That's a great idea!! He'd be perfect for it- he never goes to the bathroom outside his stall xD Not sure why - I think he's modest. I've started teaching him some simple tricks like targeting and verbal commands to move around.

My concern is that he has a 'criminal record' he attacked a few people in the past, they deserved it, but none-the-less he's labelled a 'liability'. So if he ever hurt anyone he doesn't fall under the label of 'horses are unpredictable and can be dangerous so you can't sue me' sort of thing, because he's proven he is dangerous. So I don't know if I could do that - but I'd love to!!


----------



## AbsitVita (Aug 28, 2012)

Comparing his confirmation to that of a bred jumper, I don't see any reason why he wouldn't excel in that discipline. He has very muscular back legs.
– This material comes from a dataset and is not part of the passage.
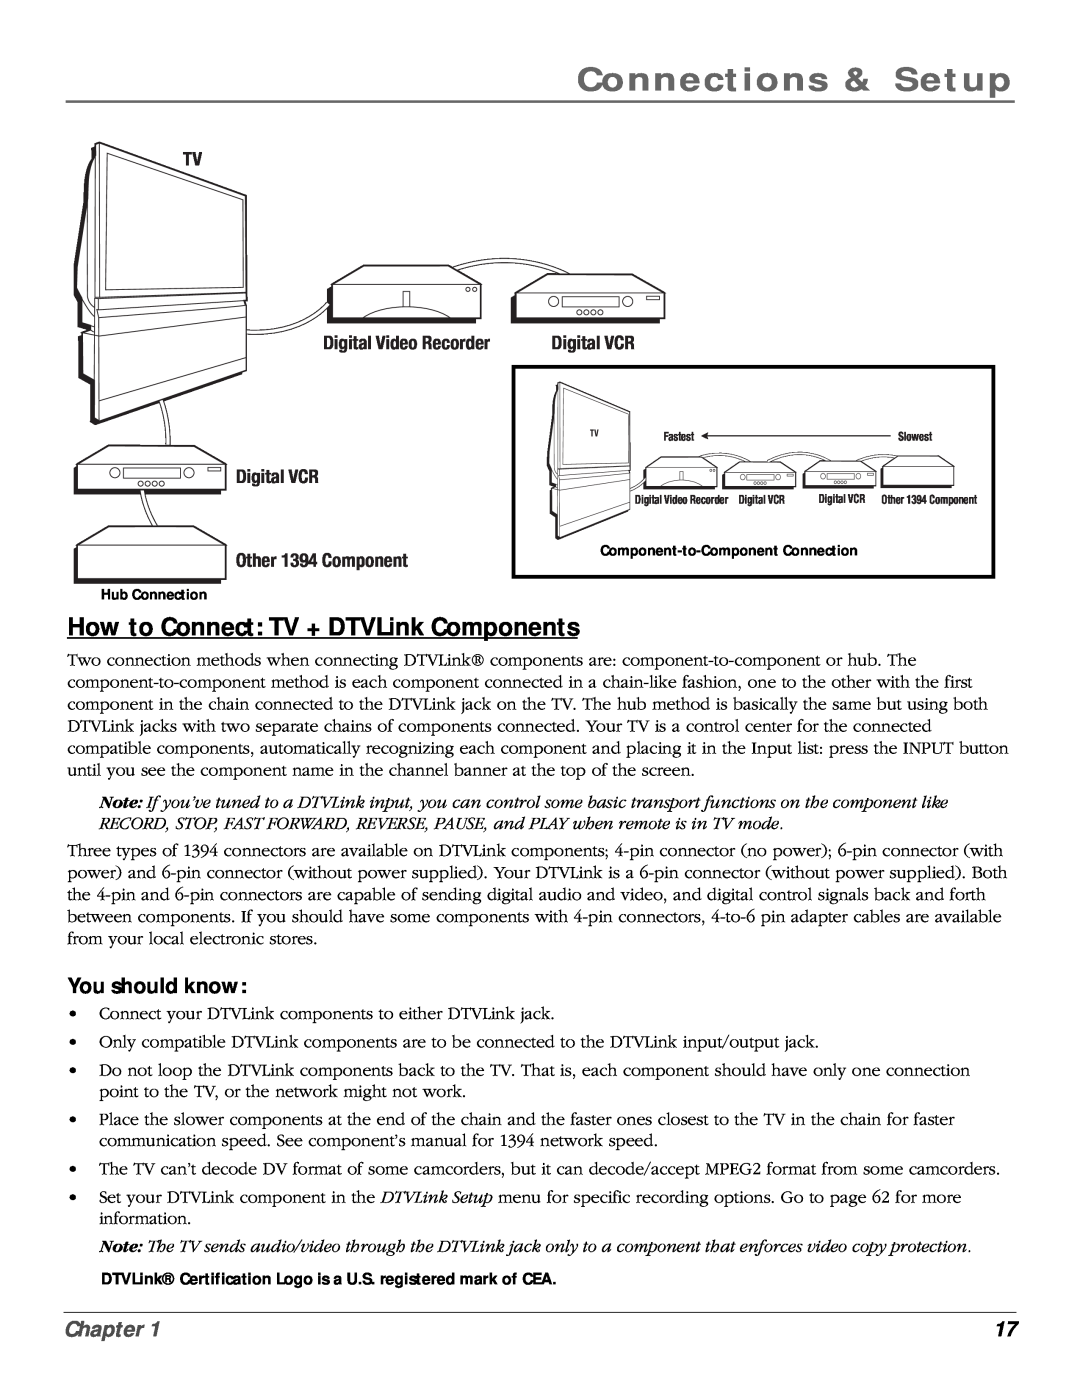 RCA scenium manual How to Connect TV + DTVLink Components, You should know, Connections & Setup, Chapter, Digital VCR

Besides that I LOVE chestnuts with flaxen manes and he's a beauty!


----------



## PunksTank (Jul 8, 2012)

^^ Thanks he's actually a sooty silver dapple bay xD But he does look like a flaxen chestnut.

Thanks! I think he'll like it - I just need to clear the weeds from what is supposed to be my riding area


----------



## tinyliny (Oct 31, 2009)

gorgeous pony, so proud and elegant. Not at all a second hand version of a horse. He's magnificent.


----------



## PunksTank (Jul 8, 2012)

Wow thank you so much  He's got a personality to match. I think I'm gonna spend today weeding  I have some jumps made for him but are quite short, but good to get him started with


----------